By Stan Deresinski, MD, FACP, FIDSA

Clinical Professor of Medicine, Stanford University

Dr. Deresinski reports no financial relationships relevant to this field of study.

SYNOPSIS: The incidence of Lyme disease appears to have stabilized in states with known high incidences of the infection, but there is evidence of geographic expansion into neighboring states.

SOURCE: Schwartz AM, Hinckley AF, Mead PS, et al. Surveillance for Lyme disease — United States, 2008–2015. MMWR Surveill Summ 2017;66:1–12.

The CDC received 275,589 reports of Lyme disease from 2008-2015. Of these, 208,344 were confirmed and 66,755 were probable. An average of 8,344 probable cases were reported annually.

Fourteen Northeast, mid-Atlantic, and upper Midwest states (Connecticut, Delaware, Maine, Maryland, Massachusetts, Minnesota, New Hampshire, New Jersey, New York, Pennsylvania, Rhode Island, Vermont, Virginia, and Wisconsin) accounted for 95.2% of all reports. (See Figures 1 and 2.) Three-fourths of cases reported from these states were confirmed. There was no significant change in the median annual percentage change in the number of reported cases in these states over the period examined and, in fact, there was a decreasing trend in seven of the 14 states. (See Figure 1.) In contrast, in 11 states and the District of Columbia that neighbor the 14 high-incidence states, the overall median annual change in confirmed cases was 6.6% (range, -16.7% to 31.3%), with an increasing trend in eight of the 11 states. Thus, there is evidence of geographic expansion of the disease.

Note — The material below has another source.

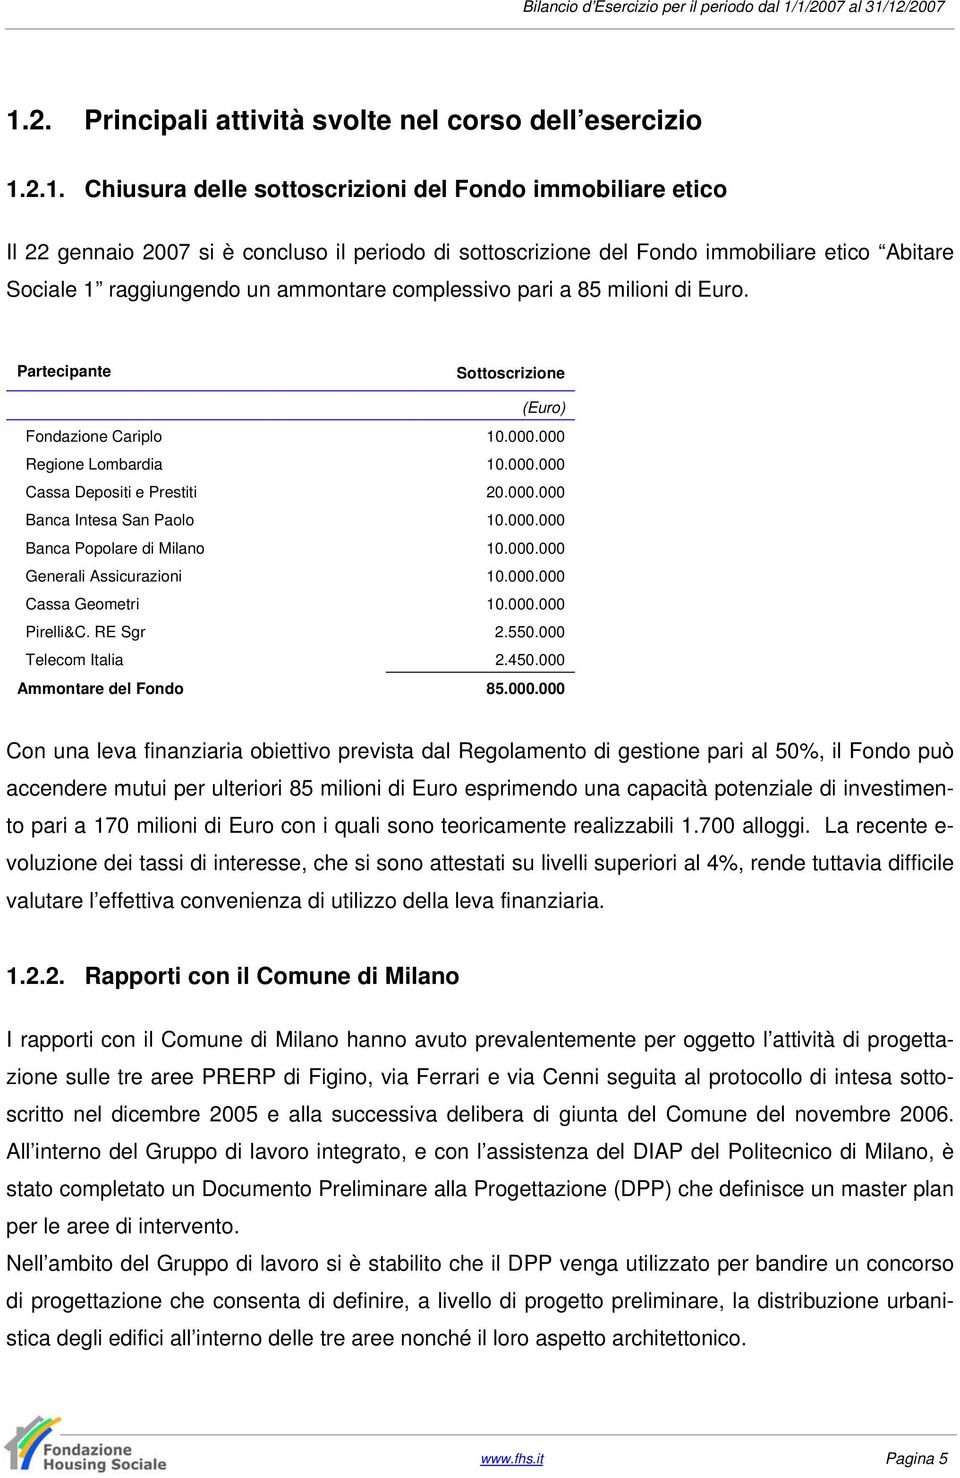 000.000 Banca Intesa San Paolo 10.000.000 Banca Popolare di Milano 10.000.000 Generali Assicurazioni 10.000.000 Cassa Geometri 10.000.000 Pirelli&C. RE Sgr 2.550.000 Telecom Italia 2.450.

Peaks in incidence by age occurred bimodally, at 5-9 years and at 50-55 years. Erythema migrans was reported in 72.2% of patients, while 27.5% had arthritis and 1.5% had carditis. A neurological manifestation was reported in 12.5% of patients, with facial palsy in 8.4%, radiculoneuropathy in 3.8%, and meningitis in 1.3%. Less than 1.0% had encephalitis. The proportion of patients with erythema migrans was lower in low-incidence states (64.7%) than in high-incidence states (72.3%), while the reverse was true for neurological manifestations (20.0% and 12.2%, respectively).

COMMENTARY

With more than 30,000 cases each year, Lyme disease is the most frequently reported vector-borne disease in the United States. The apparent stabilization of the reported incidence of Lyme disease from 2008-2015 could be real or could be the result of changing case definitions over the period examined. Of note is that the definition has been changed again in 2017, with the hope of increasing specificity. At the same time that the incidence of infections apparently has stabilized in high-incidence states, there is evidence that it is increasing in neighboring states, a finding consistent with evidence of an increase in the range of established populations of Ixodes scapularis, the vector of Borrelia burgdorferi. In the upper Midwest, Borrelia mayonii also causes Lyme disease and is transmitted by the same tick species. In the western Pacific region, the vector is Ixodes pacificus.

The clinical differences noted in cases in high- and low-incidence states may be due to the increase in false positives when tests are applied to low-prevalence populations. In addition, skin manifestations resembling erythema migrans may occur in states, including some with low incidences of Lyme disease, in which southern tick-associated rash illness is seen.

The apparent stabilization of cases in high-incidence states is encouraging. However, the geographical expansion into neighboring states can only engender concern.

Figure 1. Number* of Confirmed and Probable Lyme Disease Cases, by State Surveillance Category and Year — United States, 1992-2015§

Lyme disease figure 1

*N = 551,107

State surveillance categories were determined using three classifications: high incidence, neighboring, and low incidence. States with an average annual incidence ≥10 confirmed Lyme disease cases per 100,000 population were classified as high incidence, states that share a border with those states or are located between states with high incidence were classified as neighboring, and all other states were classified as low incidence.

§ Arrows indicate notable changes in case definitions. The case definition was revised in 1996 to recommend a two-step testing method and in 2008 to increase specificity of laboratory evidence of infection and to include provision for report of probable cases.

Source: Centers for Disease Control and Prevention

Figure 2. Average Annual Number of Confirmed Lyme Disease Cases, by County of Residence* — United States, 2008-2015

Lyme disease fig 2

* Each dot represents one confirmed case according to the patient’s county of residence.

State surveillance categories were determined using three classifications: high incidence, neighboring, and low incidence. States with an average annual incidence 10 confirmed Lyme disease cases per 100,000 population were classified as high incidence, states that share a border with those states or are located between states with high incidence were classified as neighboring, and all other states were classified as low incidence.